The lossless encoding section 16 generates an encoded stream of each layer by performing a lossless encoding process on quantized data of each layer input from the quantization section 15. The lossless encoding section 16 also encodes information about an intra prediction or information about an inter prediction input from the selector 27 and multiplexes encoded parameters into the header region of an encoded stream. Then, the lossless encoding section 16 outputs the generated encoded stream to the accumulation buffer 17.
The accumulation buffer 17 temporarily accumulates an encoded stream input from the lossless encoding section 16 using a storage medium such as a semiconductor memory. Then, the accumulation buffer 17 outputs the accumulated encoded stream to a transmission section (not shown) (for example, a communication interface or an interface to peripheral devices) at a rate in accordance with the band of a transmission path.
The rate control section 18 monitors the free space of the accumulation buffer 17. Then, the rate control section 18 generates a rate control signal according to the free space on the accumulation buffer 17, and outputs the generated rate control signal to the quantization section 15. For example, when there is not much free space on the accumulation buffer 17, the rate control section 18 generates a rate control signal for lowering the bit rate of the quantized data. Also, for example, when the free space on the accumulation buffer 17 is sufficiently large, the rate control section 18 generates a rate control signal for increasing the bit rate of the quantized data.

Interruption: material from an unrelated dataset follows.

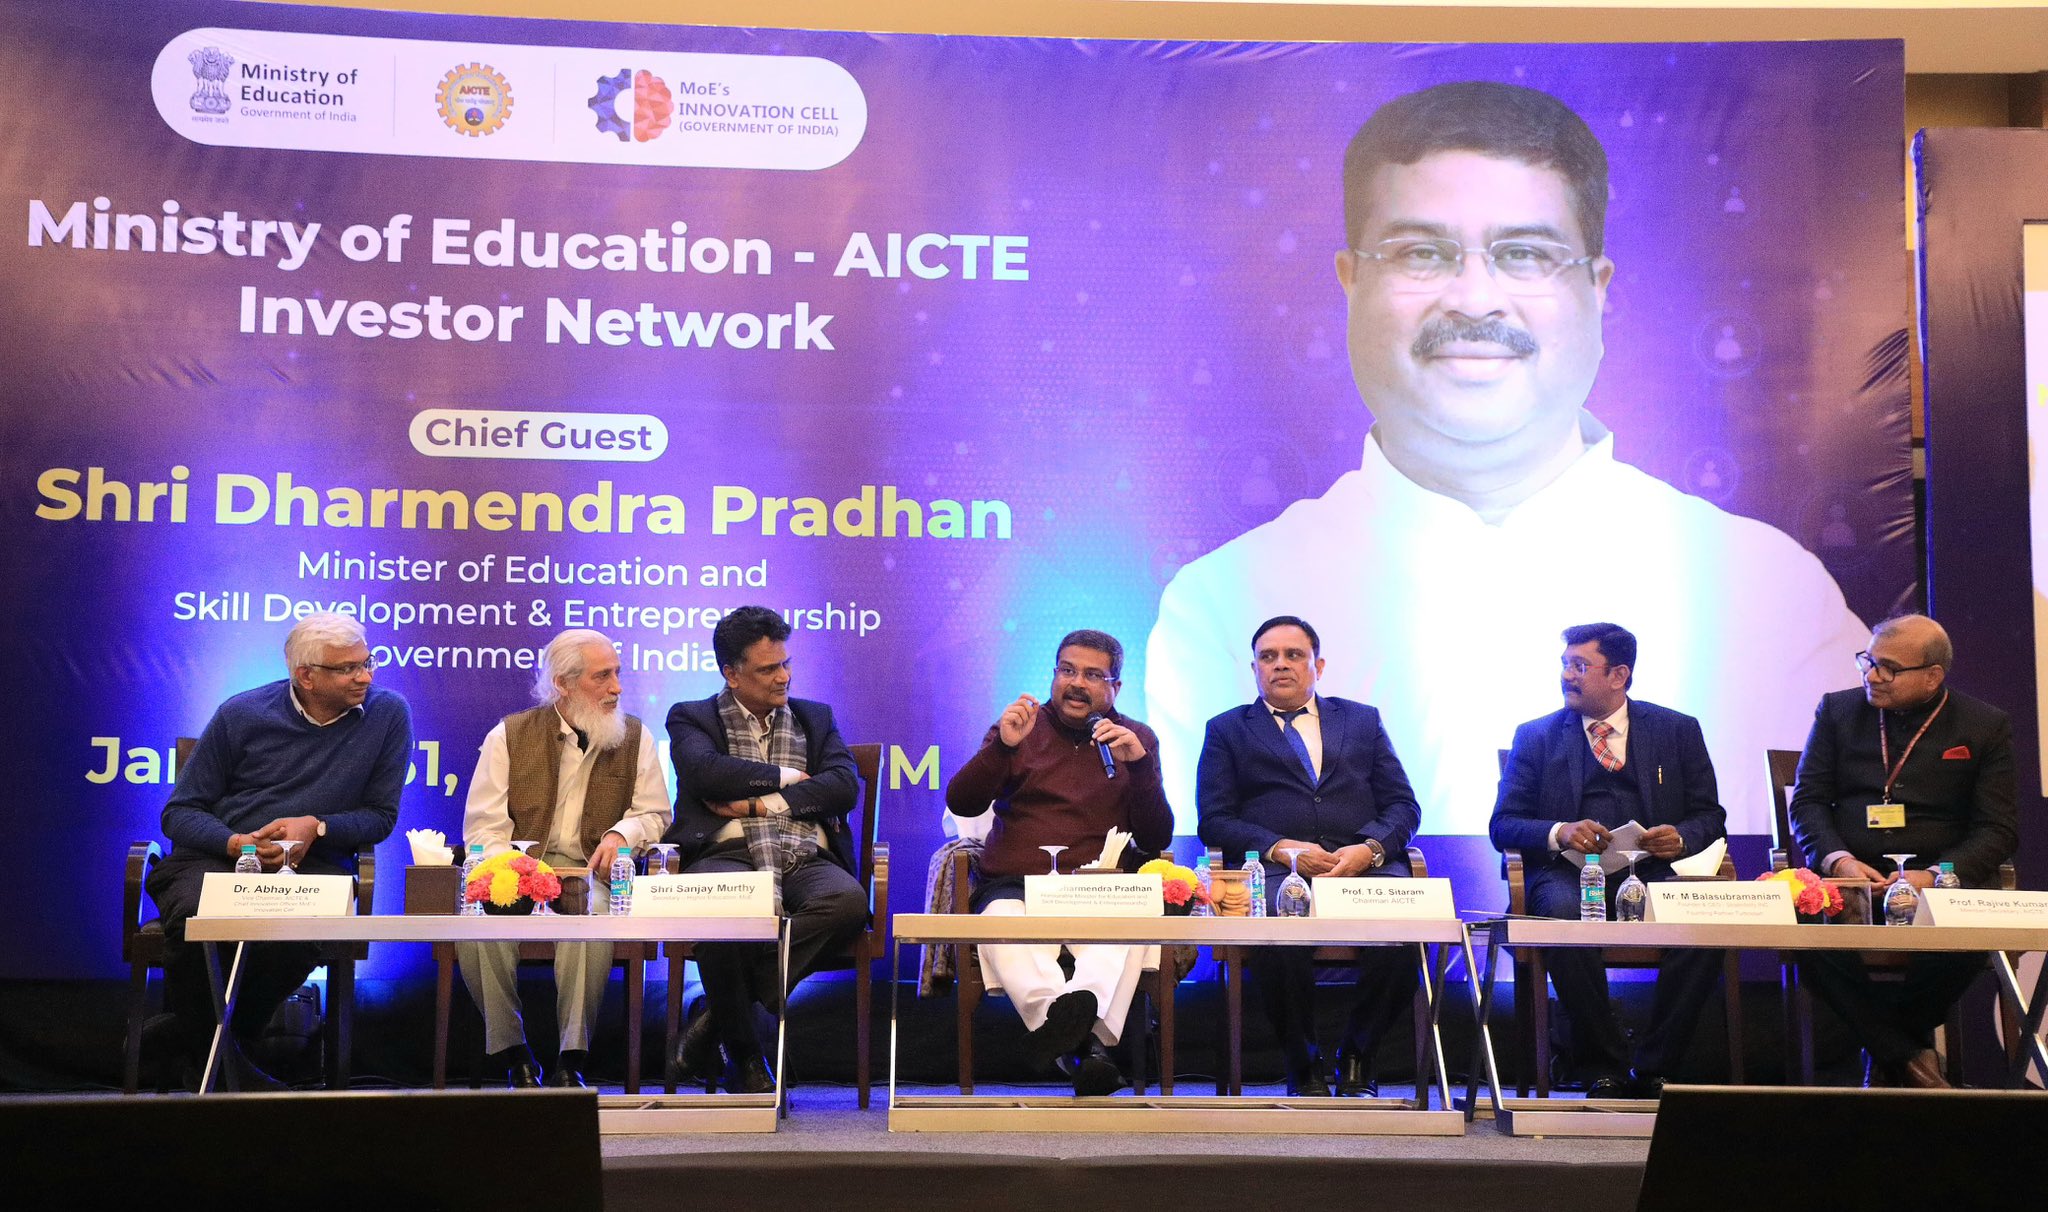 Union Minister Dharmendra Pradhan launches ‘Ministry of Education - AICTE Investor Network’ in New Delhi

The inverse quantization section 21 performs an inverse quantization process on the quantized data input from the quantization section 15. Then, the inverse quantization section 21 outputs transform coefficient data acquired by the inverse quantization process to the inverse orthogonal transform section 22.
The inverse orthogonal transform section 22 performs an inverse orthogonal transform process on the transform coefficient data input from the inverse quantization section 21 to thereby restore the predicted error data. Then, the inverse orthogonal transform section 22 outputs the restored predicted error data to the addition section 23.
The addition section 23 adds the restored predicted error data input from the inverse orthogonal transform section 22 and the predicted image data input from the motion estimation section 30 or the intra prediction section 40 a or 40 b to thereby generate decoded image data (so-called reconstructed image). Then, the addition section 23 outputs the generated decoded image data to the deblocking filter 24 and the frame memory 25.
The deblocking filter 24 performs a filtering process for reducing block distortion occurring at the time of encoding of an image. The deblocking filter 24 filters the decoded image data input from the addition section 23 to remove the block distortion, and outputs the decoded image data after filtering to the frame memory 25.
The frame memory 25 stores, using a storage medium, the decoded image data input from the addition section 23 and the decoded image data after filtering input from the deblocking filter 24.
The selector 26 reads the decoded image data after filtering which is to be used for inter prediction from the frame memory 25, and supplies the decoded image data which has been read to the motion estimation section 30 as reference image data. Also, the selector 26 reads the decoded image data before filtering which is to be used for intra prediction from the frame memory 25, and supplies the decoded image data which has been read to the intra prediction section 40 a or 40 b as reference image data.
In the inter prediction mode, the selector 27 outputs predicted image data as a result of inter prediction output from the motion estimation section 30 to the subtraction section 13 and also outputs information about the inter prediction to the lossless encoding section 16. In the intra prediction mode, the selector 27 outputs predicted image data as a result of intra prediction output from the intra prediction section 40 a or 40 b to the subtraction section 13 and also outputs information about the intra prediction to the lossless encoding section 16. The selector 27 switches the inter prediction mode and the intra prediction mode in accordance with the magnitude of a cost function value output from the motion estimation section 30 and the intra prediction section 40 a or 40 b.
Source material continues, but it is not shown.